Theme: Science

  • THE PROSECUTION CONTINUES. 🙂 PROSECUTE LIARS. —-“Kurt, whenever I hear someon

    THE PROSECUTION CONTINUES. 🙂 PROSECUTE LIARS.

    —-“Kurt, whenever I hear someone say the laws of science prove X, I know that they do not know the history of science. Science never speaks for all time and it never has. I am saying that the use of history as if it were an experiment of science is fallacious. So the entire beginning of your conversation above is without any meaning. I was merely being polite.”—-

    Well, you didn’t hear that right? In fact, the first sentence of my response says just the opposite. So are you creating a straw man? Do you err or do you lie? And moreover, You are not being polite. You just do not understand what youre talking about and can’t defend it. So you avoid articulating it. You hide behind a lie. A pretense.

    (a) economic phenomenon are emergent and non-deducible. That is what defines an economic phenomenon.

    (b) emergent economic phenomenon are empirically observable, and are not directly observable.

    (c) causes of observable phenomenon can either be constructed out of subjectively testable existentially possible operations, or they cannot be true, because we cannot construct an existence proof

    (d) all general rules of arbitrary precision possess limits.

    (e) for this reason, rational justification (apriorism) can be used only for contractual and moral justification (informationally complete statements), not for the the criticism of truth propositions (informationally incomplete statements).

    (f) we can identify any hypothesis by free association – the means of constructing the hypothesis conveys no truth content.

    (g) But since we can identify an hypothesis by free association, we must eliminate the imaginary content, leaving only the existential content. So the purpose of criticism is to eliminate imaginary content and leave only possible content.

    We can test any hypothesis only by attempts to criticize it to see if it survives.
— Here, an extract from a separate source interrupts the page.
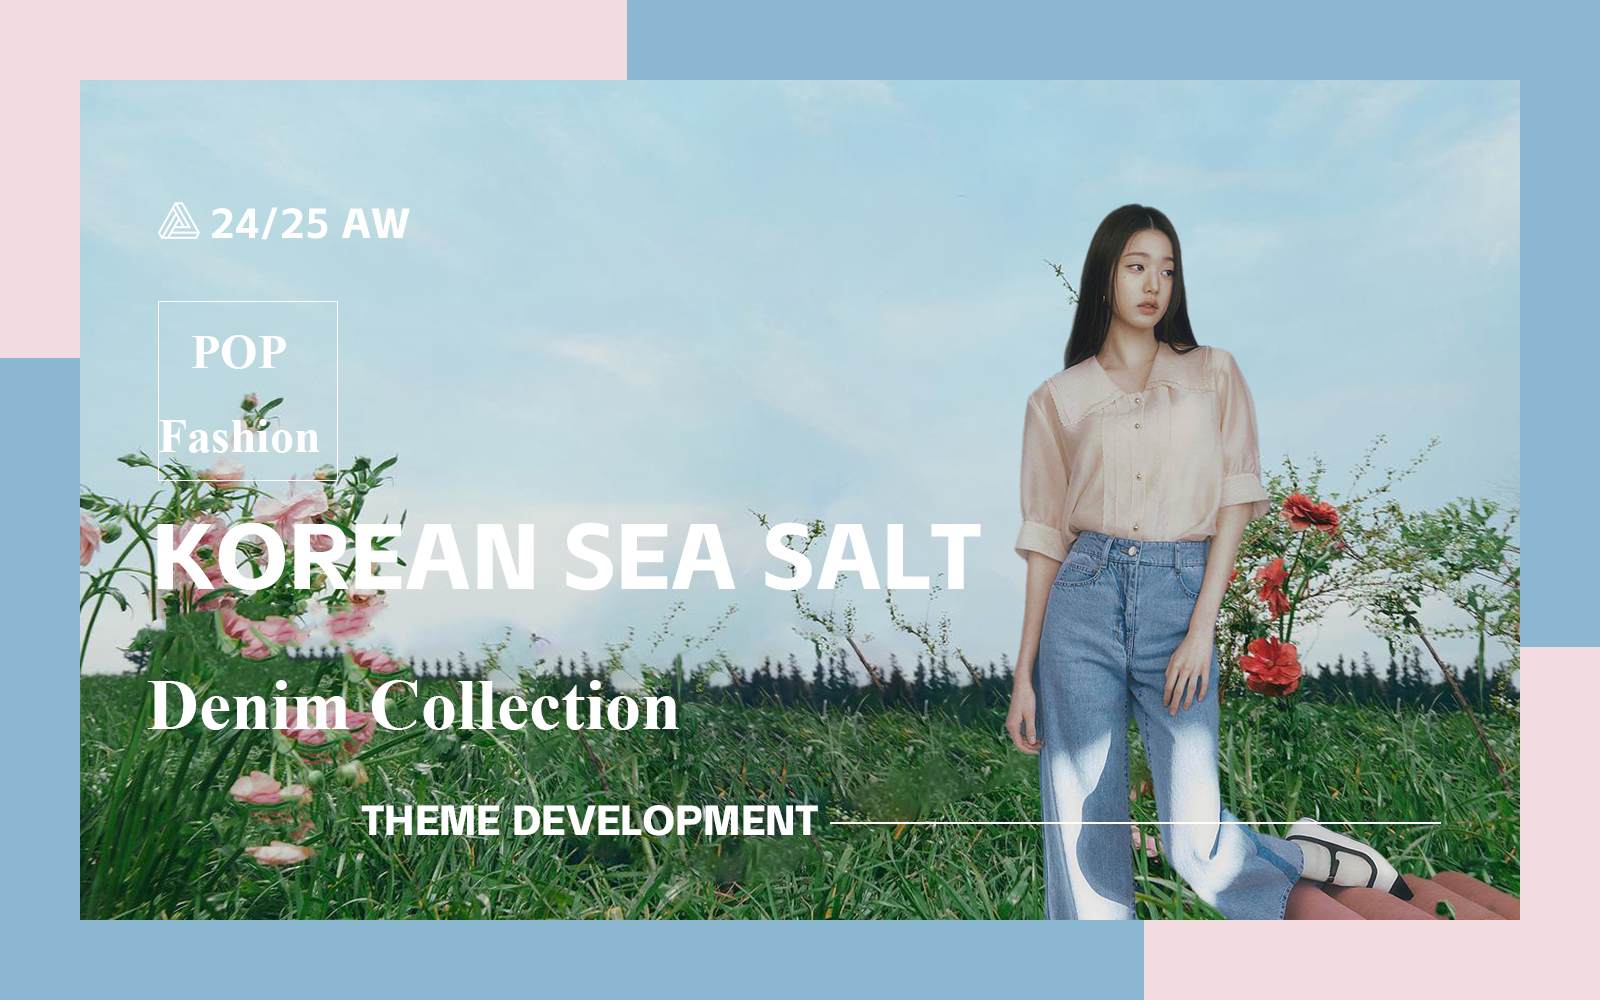 Korean Sea Salt -- The Design Development of Denim

We cannot justify it – ever.

    We can list the means of criticism from the most rudimentary through each additional dimension until we have exhausted all possible dimensions known to us.

    i. identity (category)

    ii. internal consistency (logic)

    iii. external correspondence (often called explanatory power)
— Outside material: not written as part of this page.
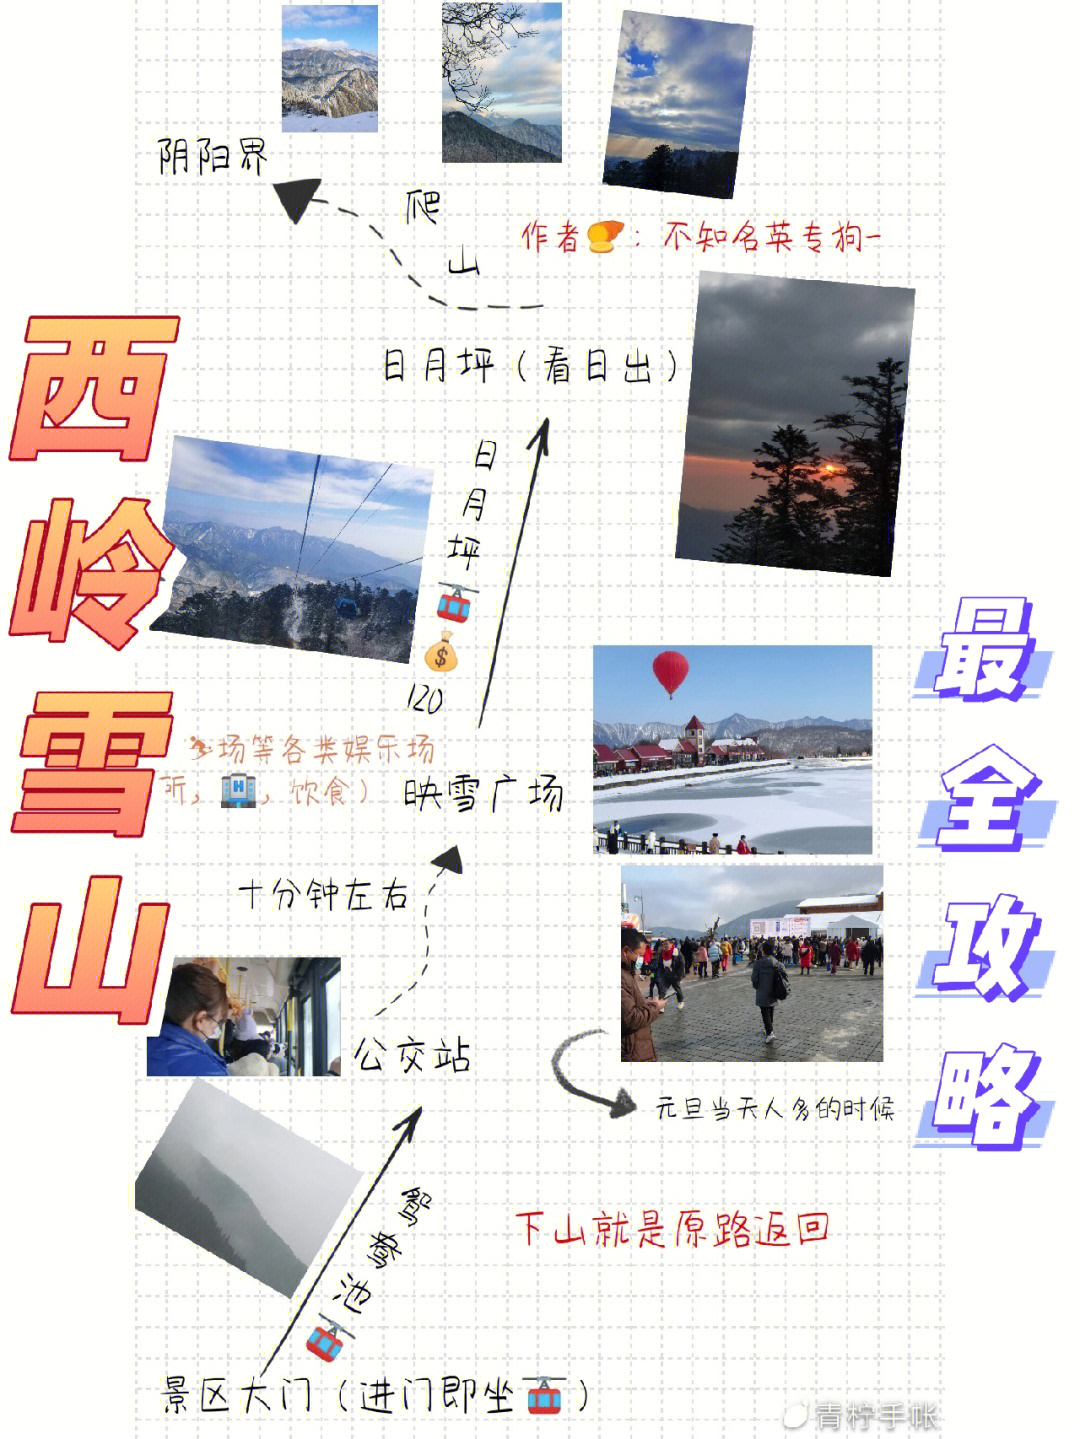 西岭雪山旅游景点介绍图片

    iv. existential possibility (existence proof)

    v. limits (falsification) (often called parsimony)

    vi. full accounting (prohibition on selection bias)

    vii. morality (consisting of voluntary transfers)

    Even if we pass all of these tests, this only tells us that we have a truth candidate. We can never know if we have found the most parsimonious truth.

    Mises engaged in multiple verbal conflations not the least of which were conflating science and logic, and conflating truth and morality. On top of it he relied upon the fallacy of justificationary german rationalism, rather than criticism. Like Hoppe he confuses empiricism (observation – existential testing) with positivism. He uses half-truths to obscure his failure: that man acts, but not why he evolved action, nor why he acts: to acquire. He avoided the smithian insight that cooperation is the scarcest good, and that it is cooperation we spend most of our efforts in obtaining.

    Science is the discipline of truth telling by laundering imaginary content from our hypotheses. Philosophy is the discipline of truth telling. Science and philosophy are identical under this assertion.

    Economics is no different from any other discipline other than we can subjectively test first principles (rational incentives) but we cannot test the first principles of the universe yet, because we do not know them – although mathematics is nearly good enough, since axiomatic systems cannot lose information the way theoretical systems can.

    Economics is scientific because science is merely the discipline of truth telling by sanitizing our theories of error, bias, wishful thinking and deceit.

    I ended mises. Deal with it. Move on.

    I ended rothbard. deal with it. Move on.

    I ended intersubjectively verifiable property as sufficient for the formation of a voluntary polity. Move on.

    The cosmopolitan branch of libertarianism is dead. I killed it. Forever. It’s in the dustbin of history.

    The only liberty that remains is aristocracy. The violent suppression of parasitism in all its forms. through the definitions of property as property-en-toto (demonstrated property that humans will retaliate against aggressions against), and the use of rule of law under the common law to incrementally suppress aggressions against property en toto in all walks of life.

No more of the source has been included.